[What is being asked]:
Would you copy the lines below exactly and omit the images?

[Data section]:
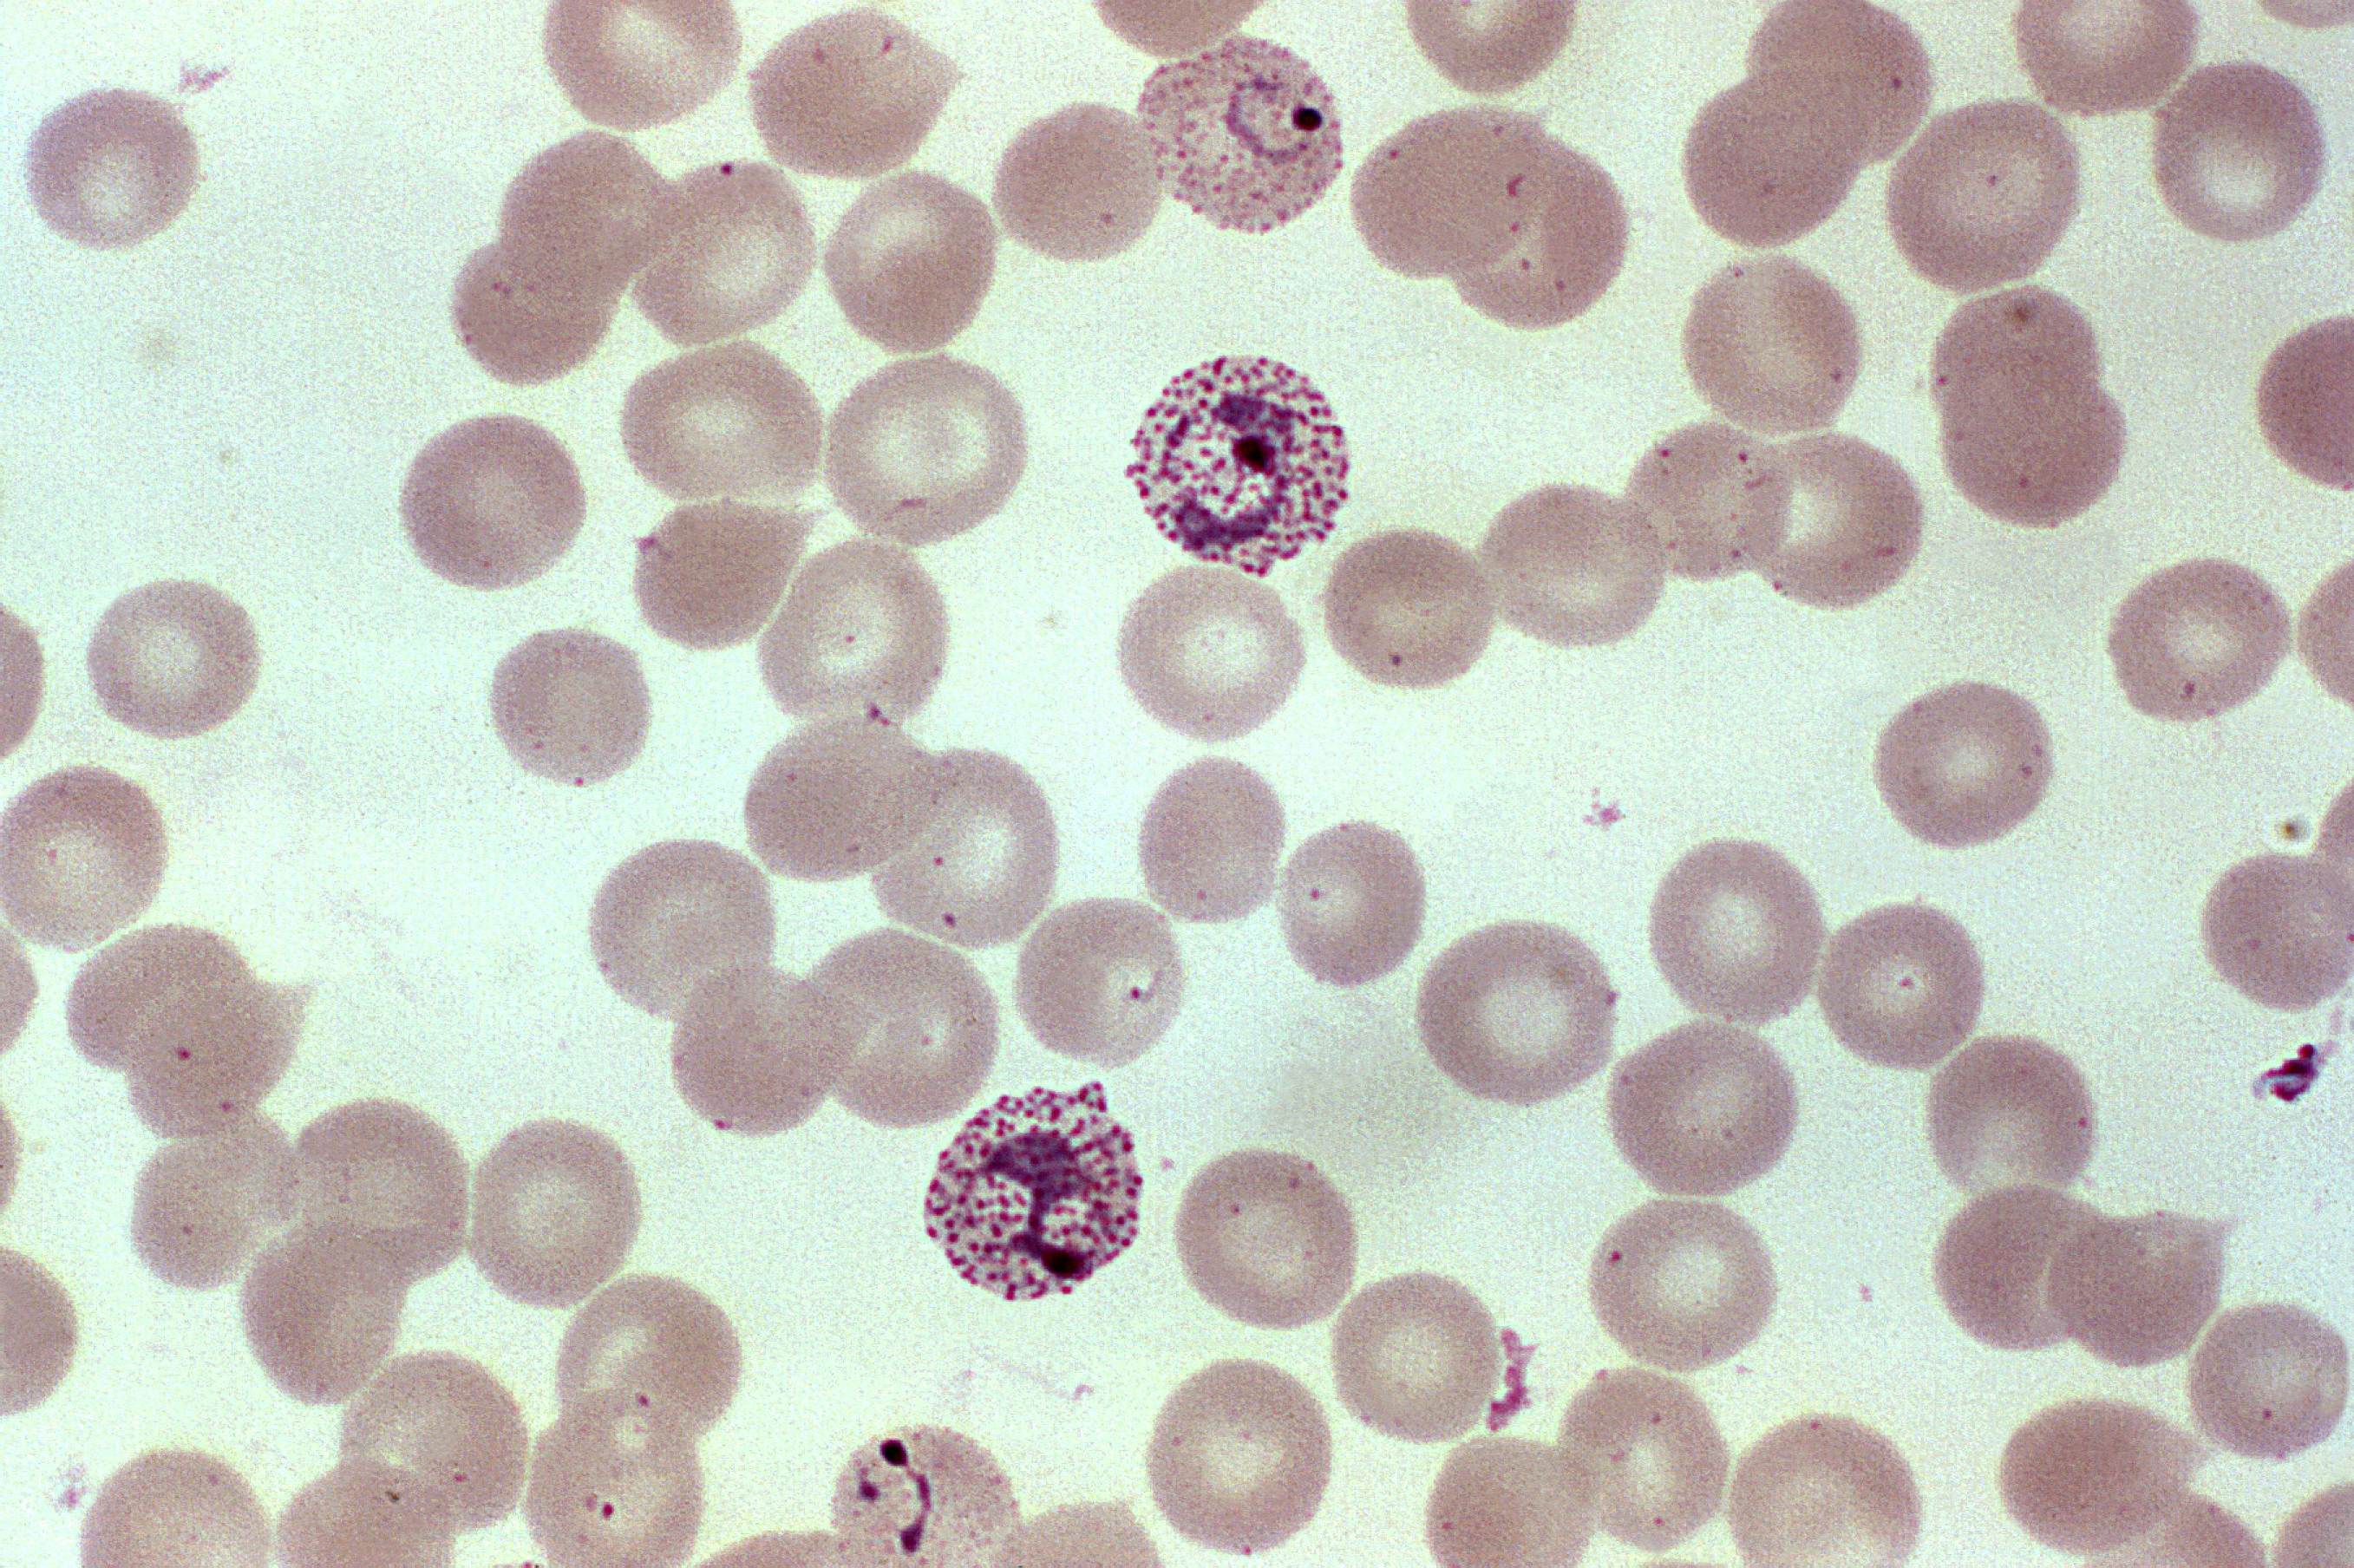 blood-smear-contains-both-immature-and-mature-trophozoites-of-the-plasmodium-vivax-parasite.jpg
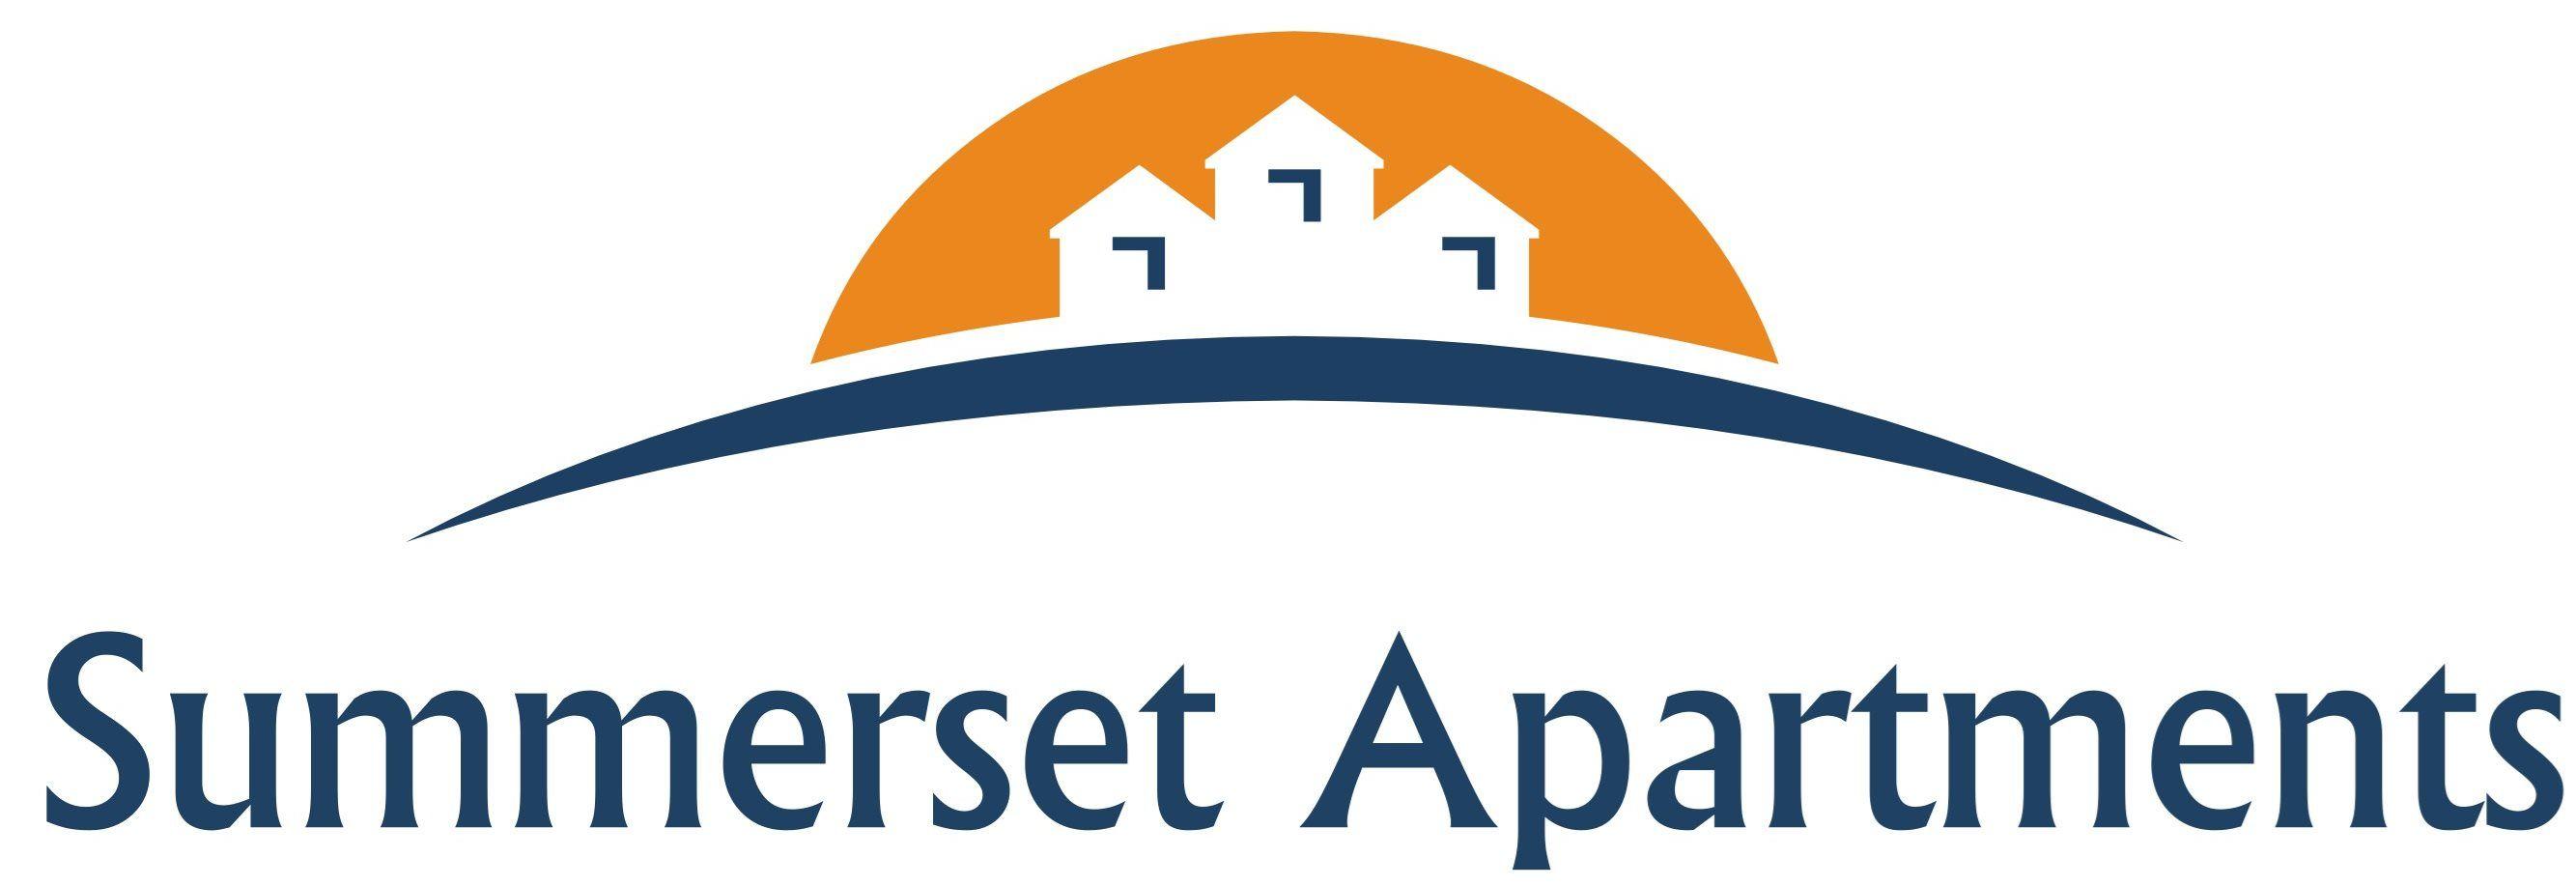 Apartments Logo - Summerset Apartments | Apartments in Zephyrhills, FL
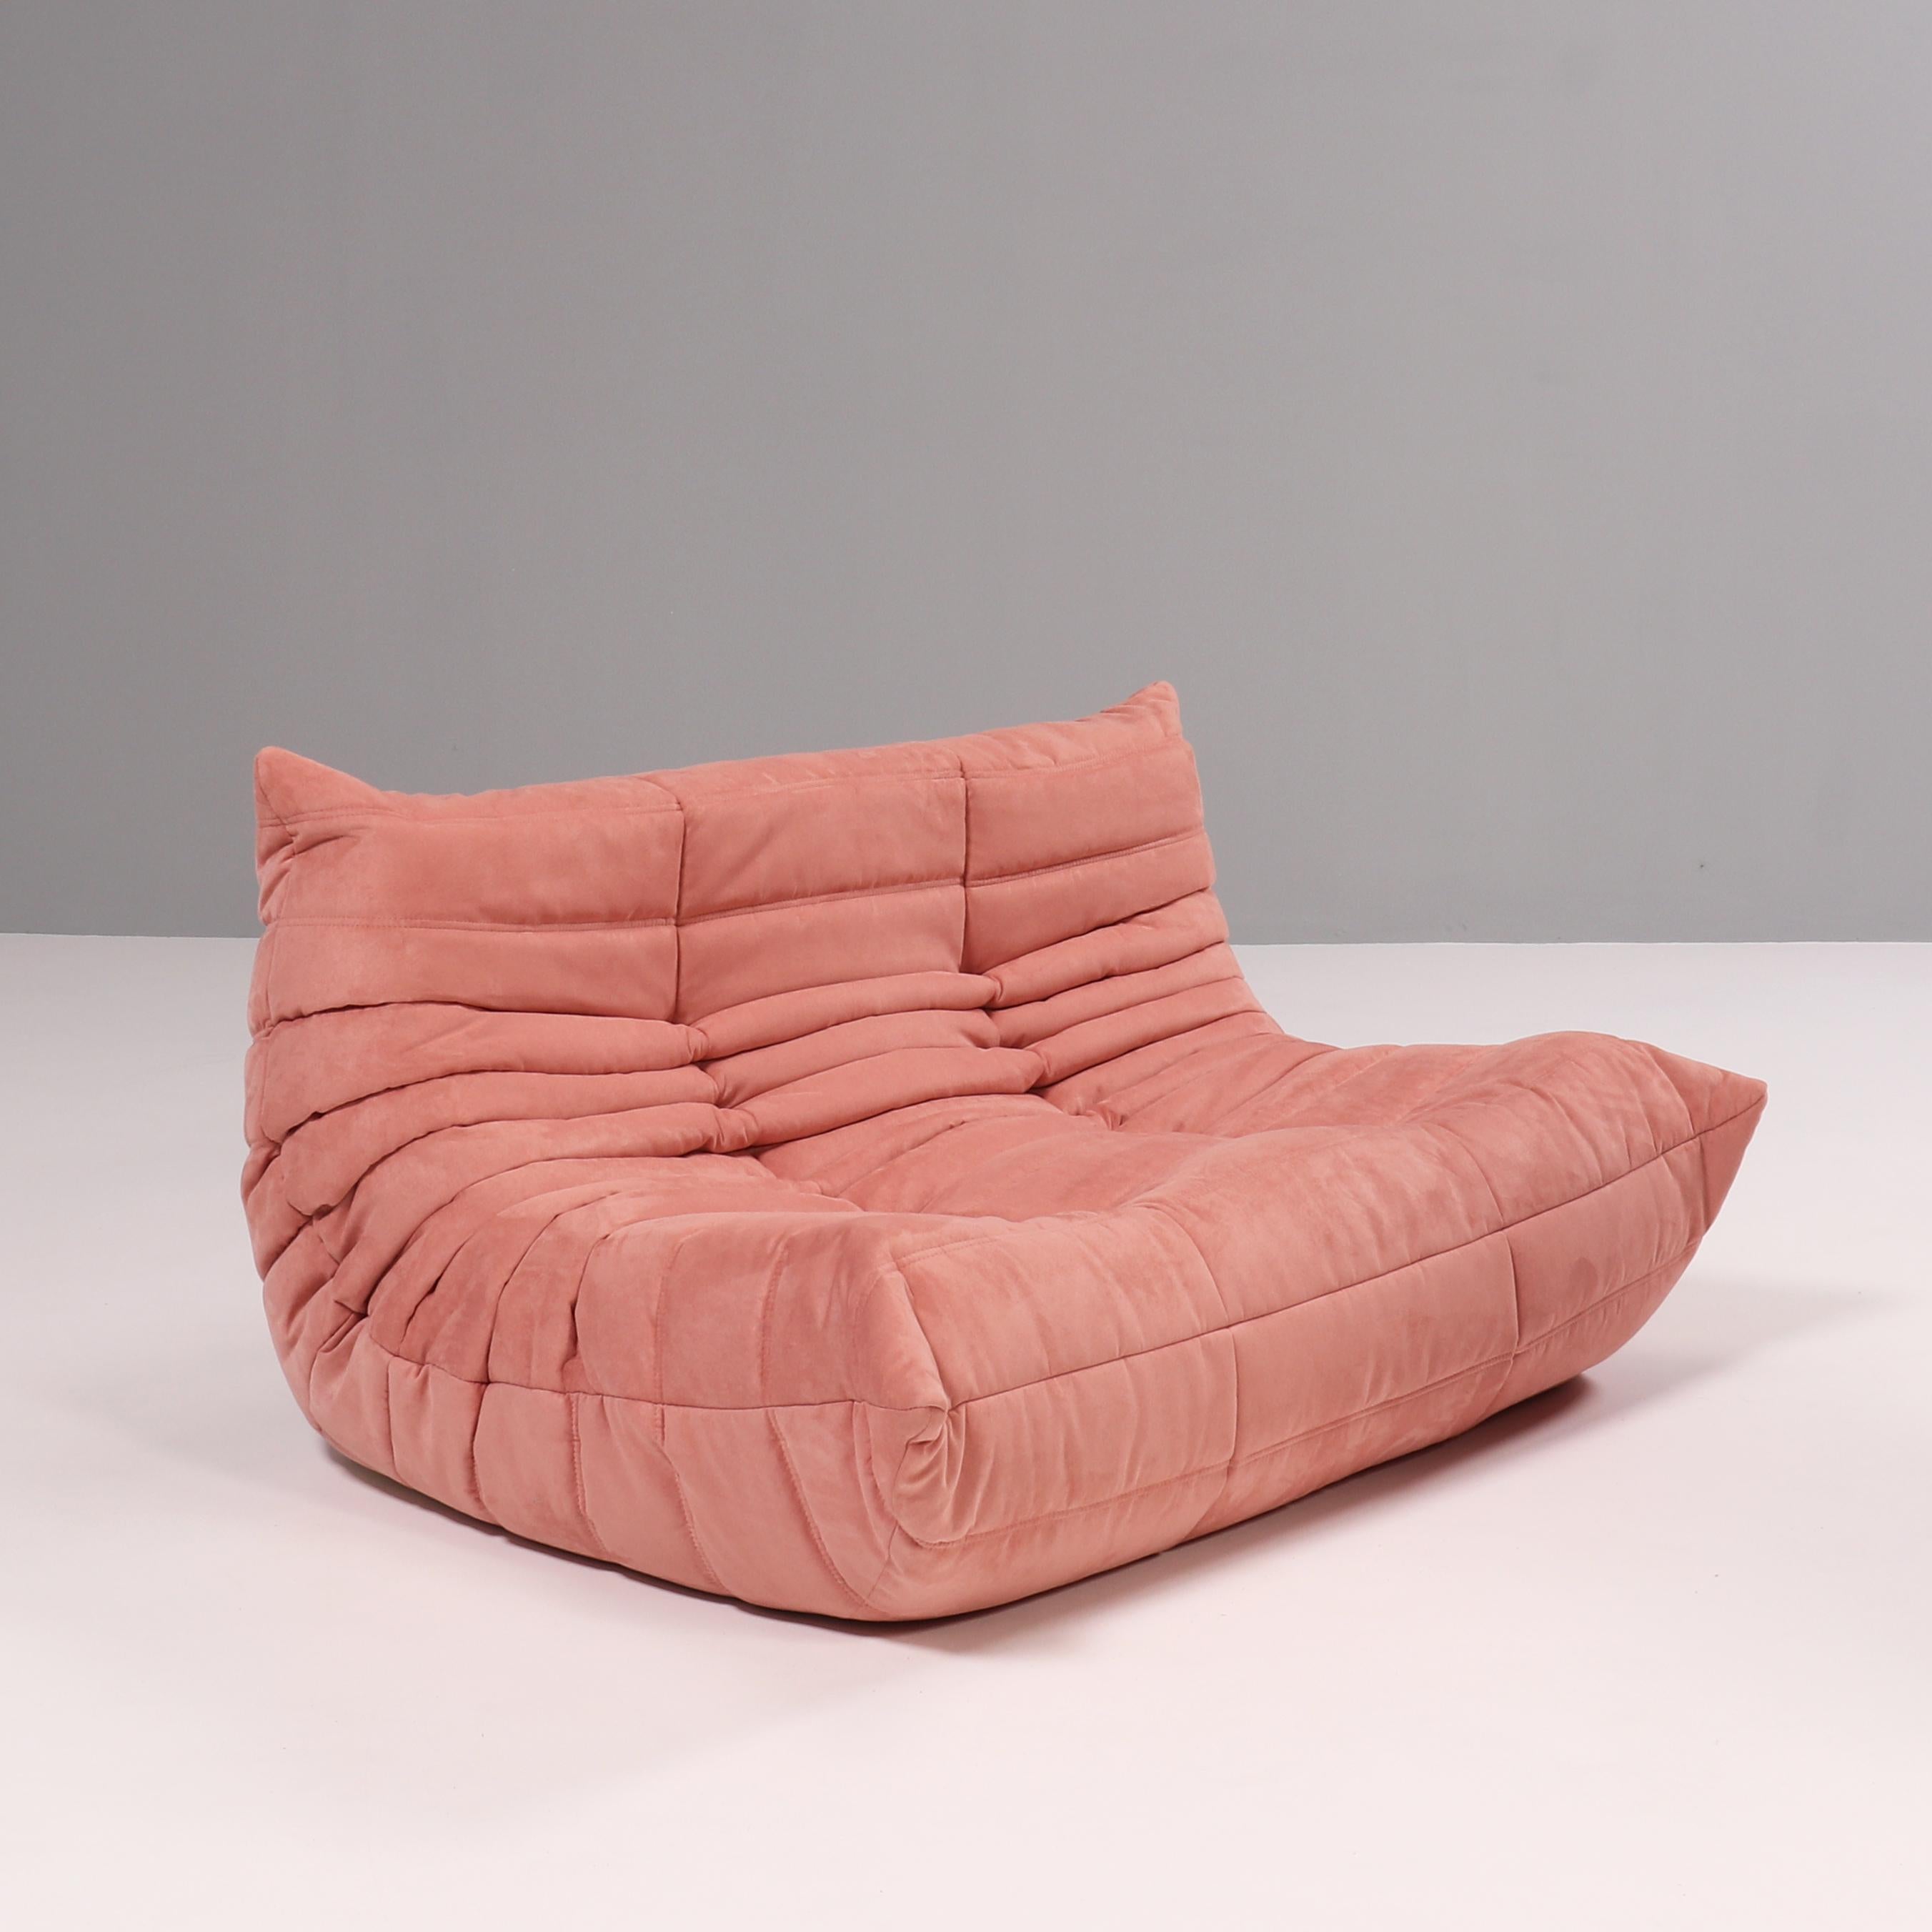 sofa set with footstool

[Task solution]:
 blood-smear-contains-both-immature-and-mature-trophozoites-of-the-plasmodium-vivax-parasite.jpg
 Apartments Logo - Summerset Apartments | Apartments in Zephyrhills, FL
 sofa set with footstool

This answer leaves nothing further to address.